INFORMATION SHOWN
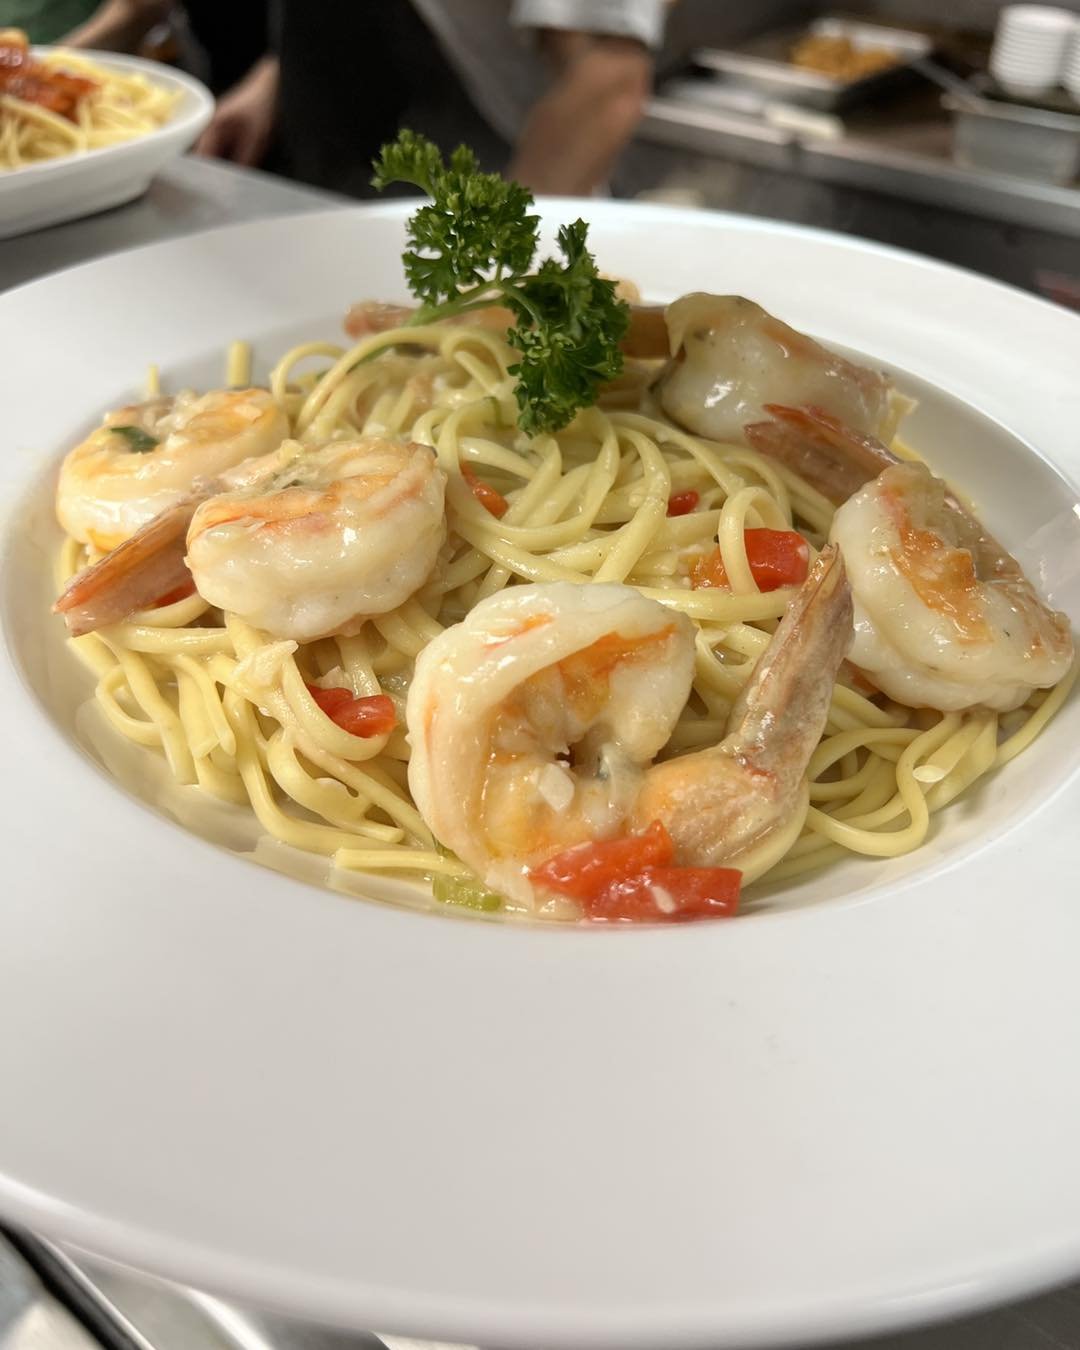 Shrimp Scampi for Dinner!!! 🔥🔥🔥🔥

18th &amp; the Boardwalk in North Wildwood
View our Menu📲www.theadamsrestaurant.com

TASK DIRECTIONS
If pictures appear in the data, do not print them; repeat the rest exactly.

SOLUTION TO THE EXERCISE
 Shrimp Scampi for Dinner!!! 🔥🔥🔥🔥

18th &amp; the Boardwalk in North Wildwood
View our Menu📲www.theadamsrestaurant.com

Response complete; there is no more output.